Diagnosis of Sjogren's syndrome in children

A. J. Deprettere, K. J. Van Acker, L. S. De Clerck, M. K. Docx, W. J. Stevens and H. P. Van Bever
Department of Pediatrics, University Hospital of Antwerp, Belgium.

We treated four children with clinical symptoms and laboratory findings suggestive of Sjogren's syndrome (SS). We also review the findings in 23 children with the diagnosis of SS whose cases were reported in the literature.
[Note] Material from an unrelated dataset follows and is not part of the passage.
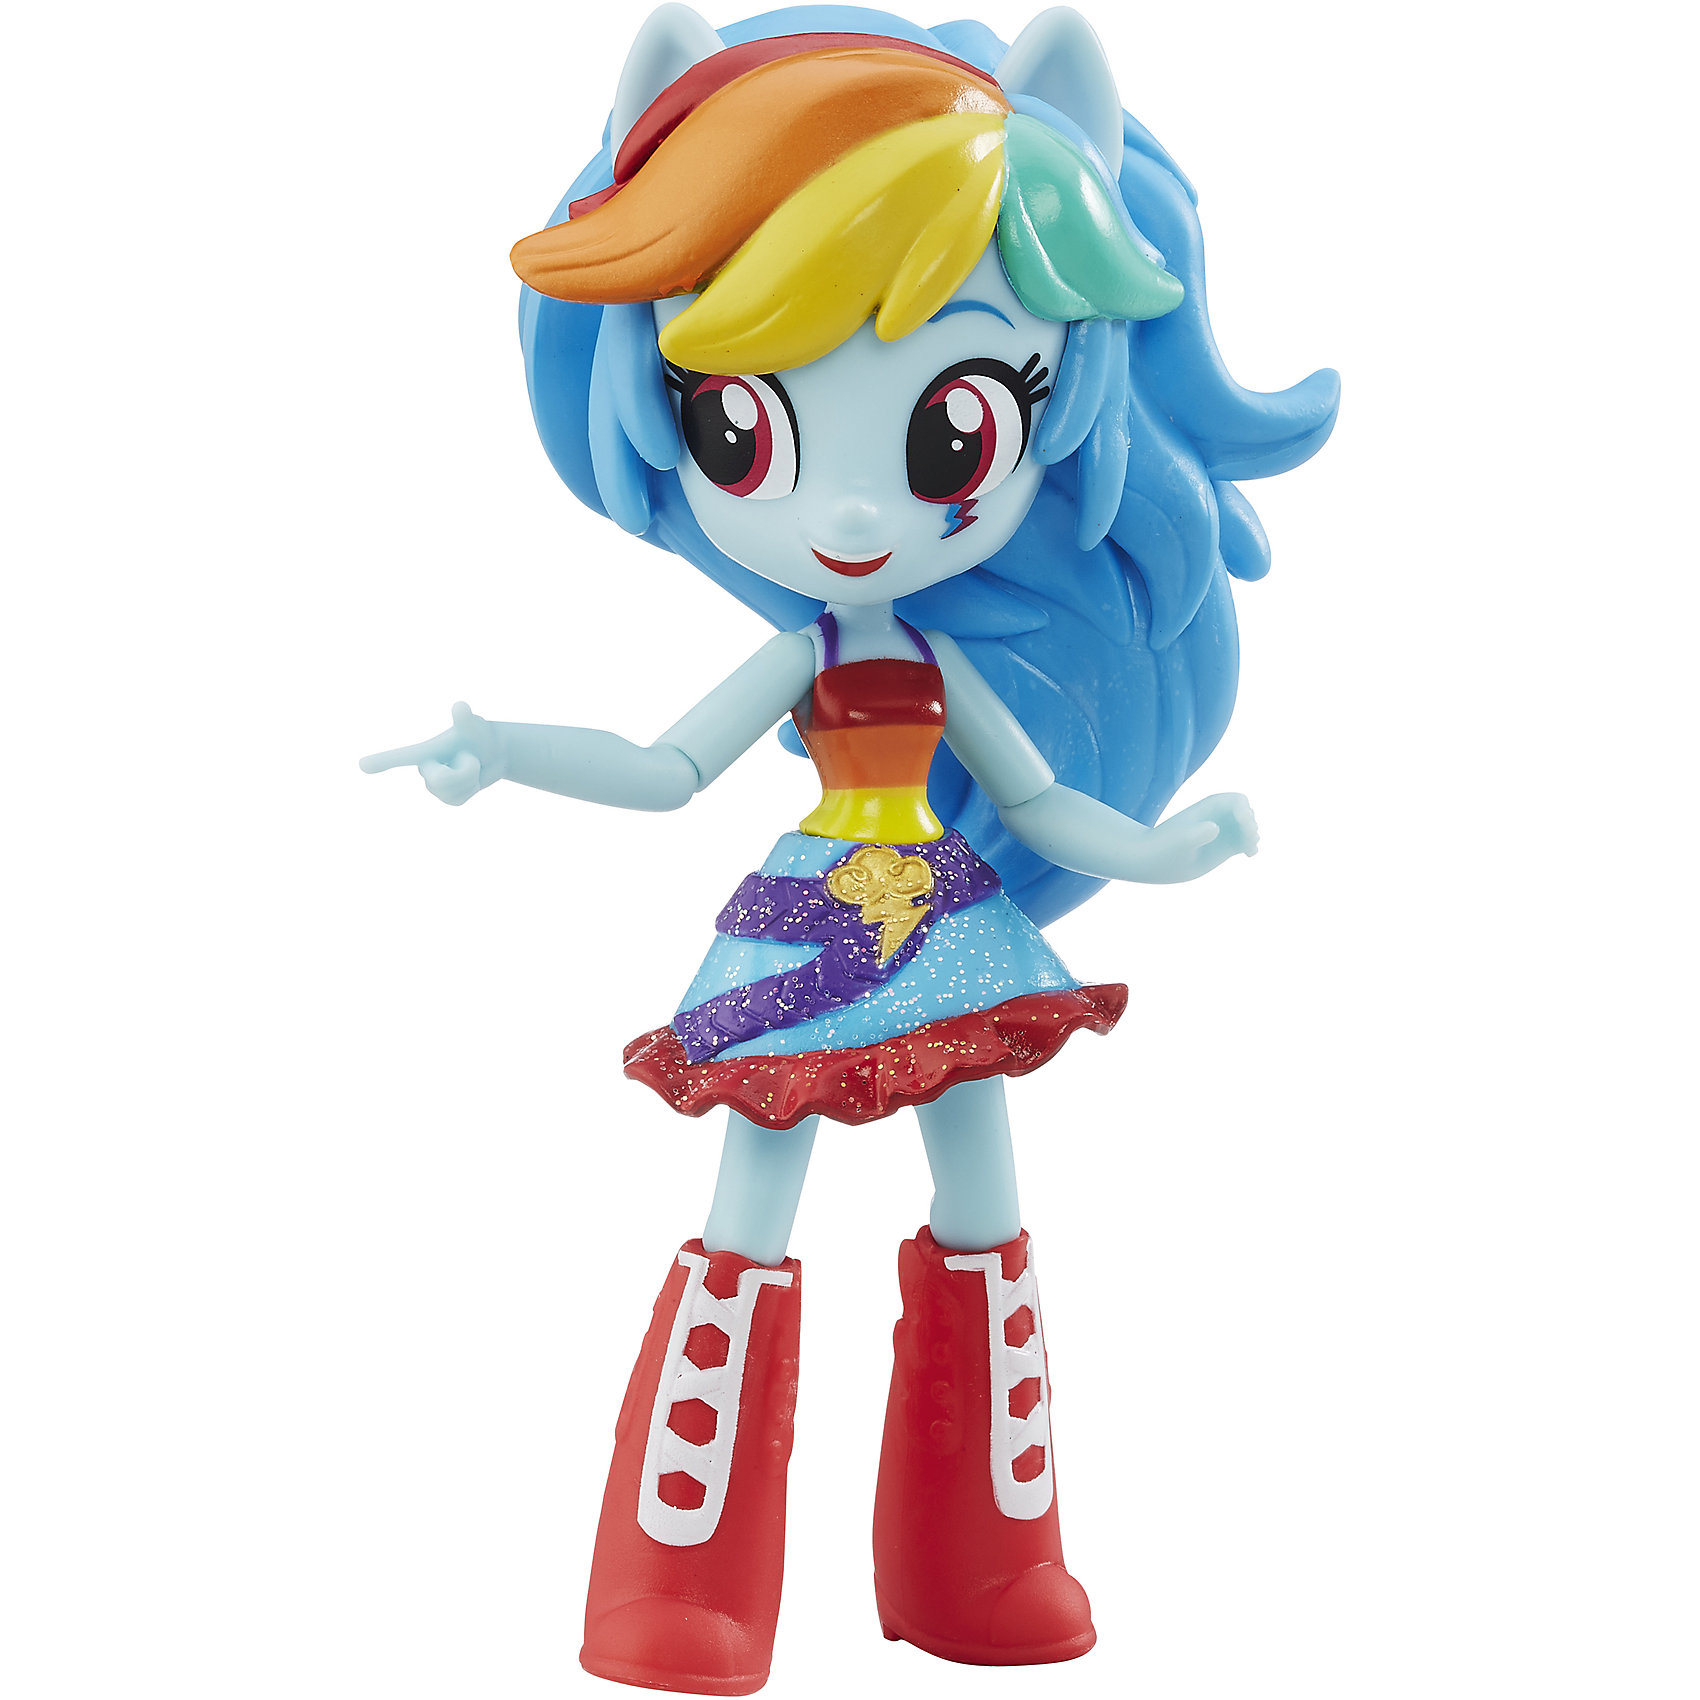 Hasbro Мини-кукла Радуга Дэш, Эквестрия герлз, B4903/B7786  hasbro мини кукла эквестрия герлз b4903 b7793

We propose that the following criteria for the diagnosis of SS, which are mostly used in adults, should also be applied to children: (1) keratoconjunctivitis evidenced by a Schirmer test and a quantitative rose bengal test; (2) xerostomia shown by a decreased basal and stimulated salivary flow; (3) lymphocytic infiltration in a minor salivary gland biopsy specimen with at least two foci per 4 mm2; (4) laboratory evidence of a systemic autoimmune disorder on the basis of a rheumatoid factor of 1/160 or greater, antinuclear antibody of 1/160 or greater, or extractable nuclear antigen antibodies. Only close observation and long-term follow-up of these patients will allow a better insight in the natural history of SS in children. Those children who do not fulfill these diagnostic criteria also need close and prolonged follow-up study: one of the possibilities is that their conditions will ultimately evolve toward definite SS.